The valuation framework by Ohlson (1995) is commonly used in value relevance research (Barth et al., 2000). In the original Ohlson model, value is dependent on accounting information, with market value per share as the dependent variable, and earnings, book value and dividends as independent variables (Ohlson, 1995).

The R2 is used as the key metric to measure value relevance as it explains how much variance in market value per share is explained by the accounting information in question (Beisland, 2009). Since the Ohlson model was published, studies have contributed with redefinitions of the original model within valuation research, to examine the relationship between market value and variables of accounting information.

Moreover, Beisland (2009) highlights the importance of dissociate relative and incremental value relevance. The difference is defined by Biddle et al. (1995) stating that “incremental comparisons ask whether one accounting measure provides information content beyond that provided by another, and apply when one measure is viewed as given and an assessment is desired regarding the incremental contribution of another (e.g., a supplemental disclosure). Relative comparisons ask which measure has greater information content and apply when making mutually exclusive choices among alternatives”.

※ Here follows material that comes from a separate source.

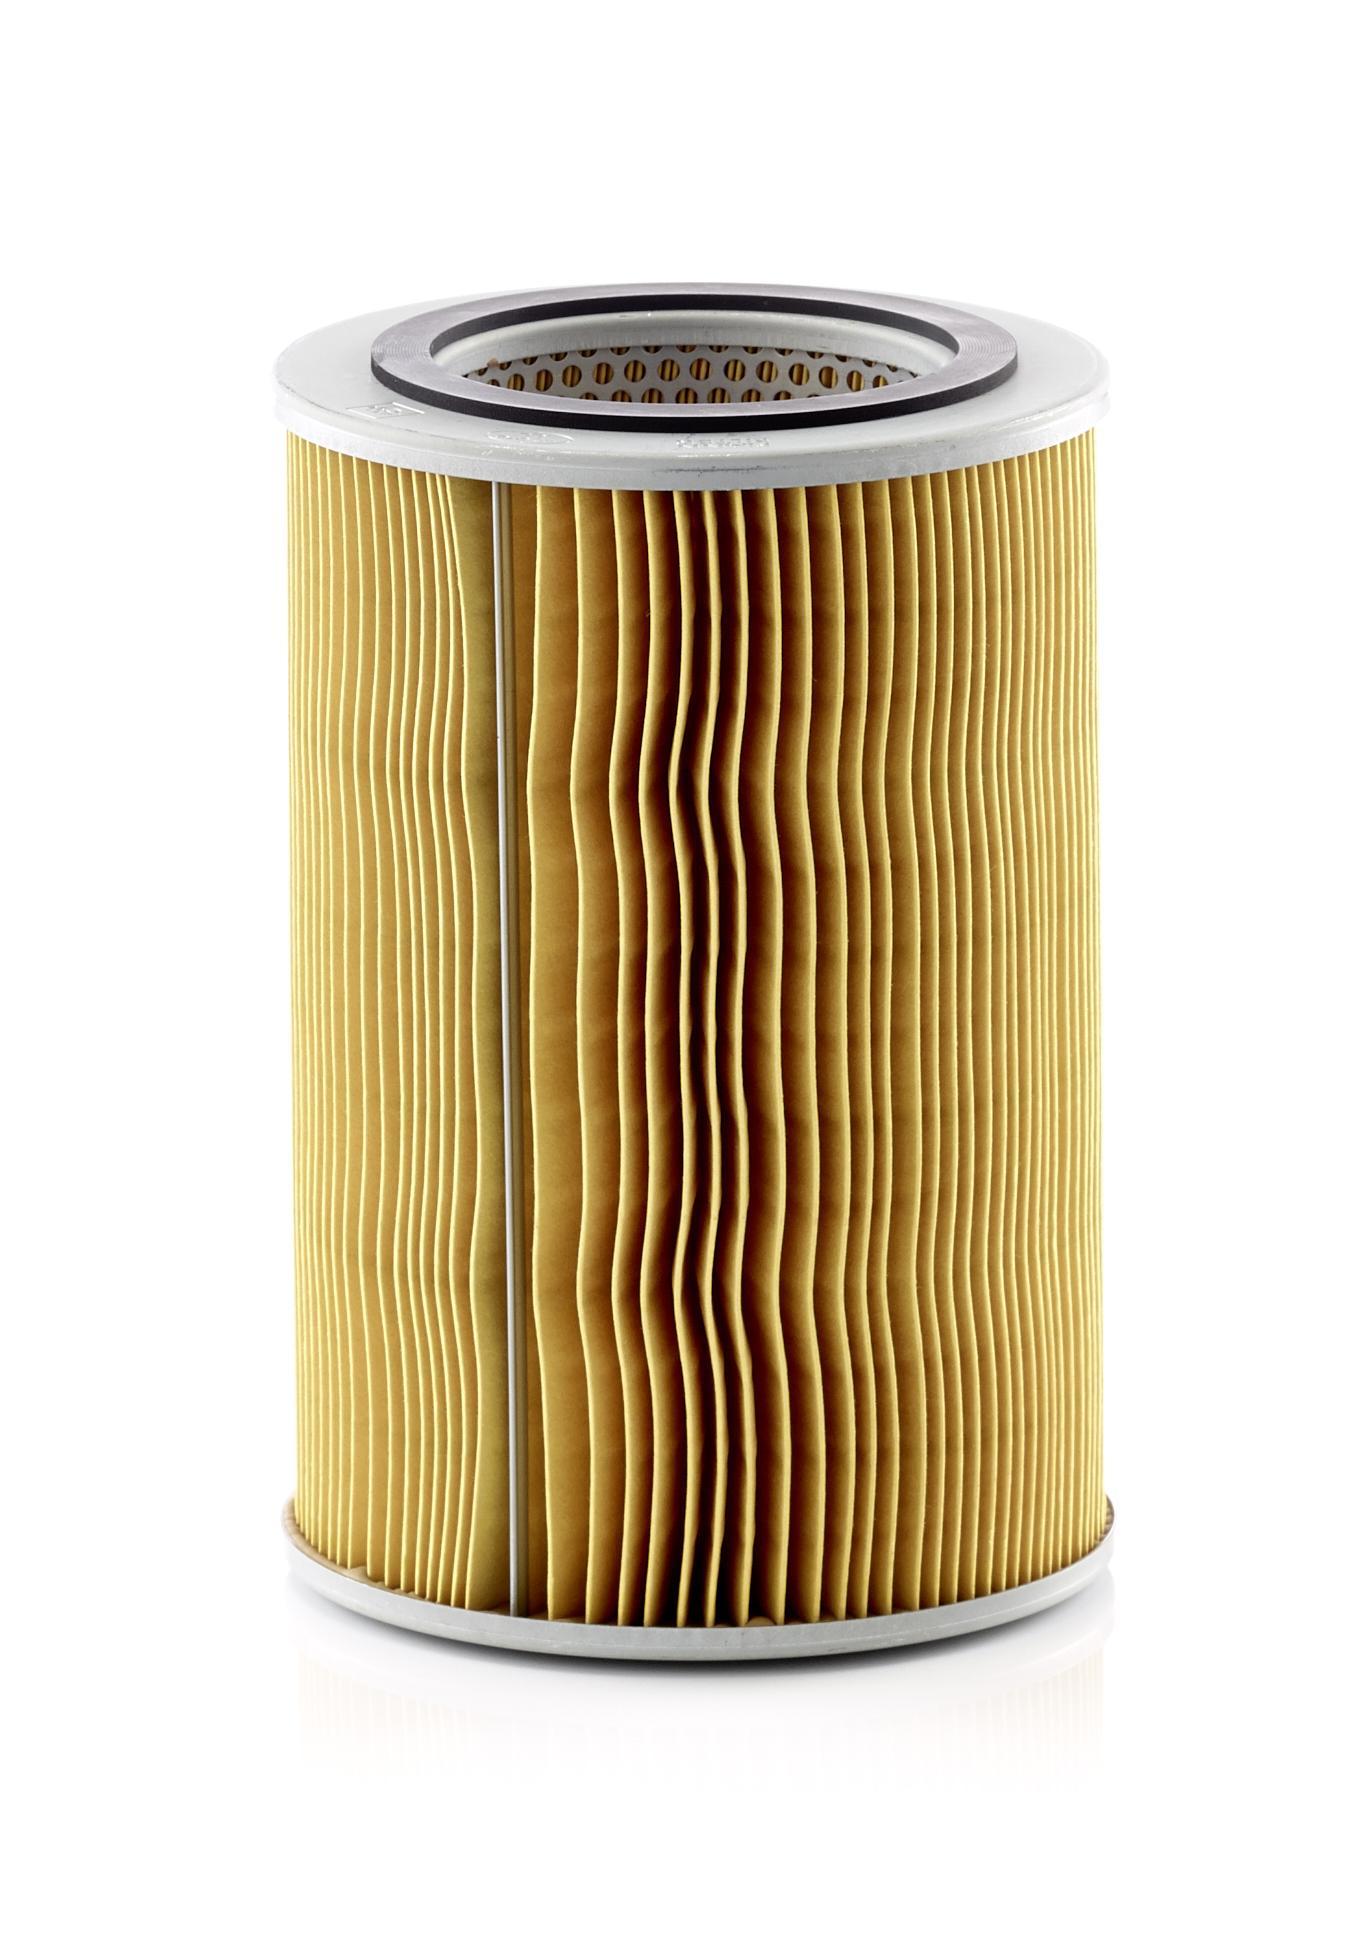 Въздушен филтър C 15 124/1 с добро MANN-FILTER съотношение цена-качество
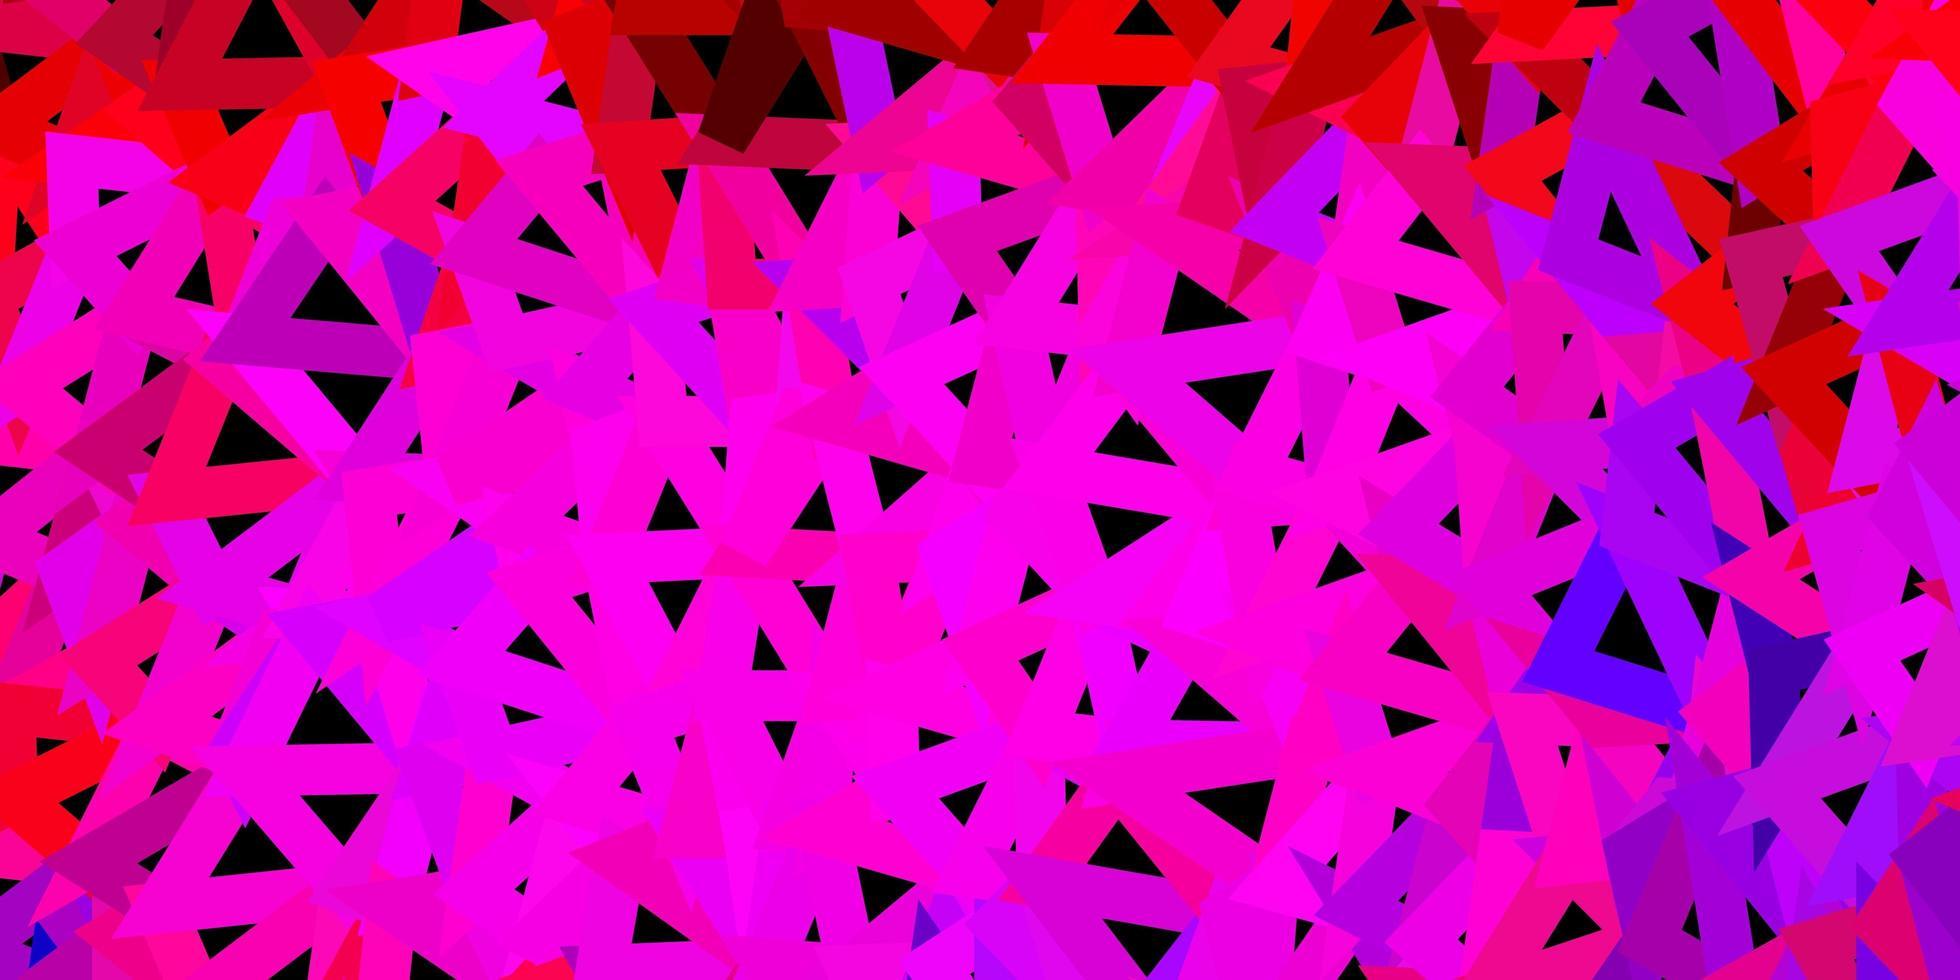 carta da parati geometrica poligonale vettoriale rosa chiaro, rosso.

We are adopting the interpretation described by Francis and Schipper (1999) using the valuation framework by Ohlson (1995) measuring value relevance using the adjusted R2 as a key metric to examine the relative value relevance. We use the adjusted R2 instead of R2 because our models are multivariate OLS regressions. Hence, an increased adjusted R2 value implies increased relative value relevance. Furthermore, we are examining the incremental value relevance by adding an IFRS 16 dummy to our regressions, forcing our independent variables to interact with the IFRS 16 implementation.

4.2.1 Models

Model (1) is a developed model following the adjusted Ohlson model utilized by Mirza et al. (2019) but designed specifically for the purpose of this study. Model (1) is a multivariate OLS regression, including firm- specific control variables, consisting of accounting information items related to IFRS 16. Coherent with the original model by Ohlson (1995) and the adjusted model by Mirza et al. (2019) we are choosing market value per share (MVPS) as our dependent variable which is a proxy for firm value. Coherently with Ohlson (1995)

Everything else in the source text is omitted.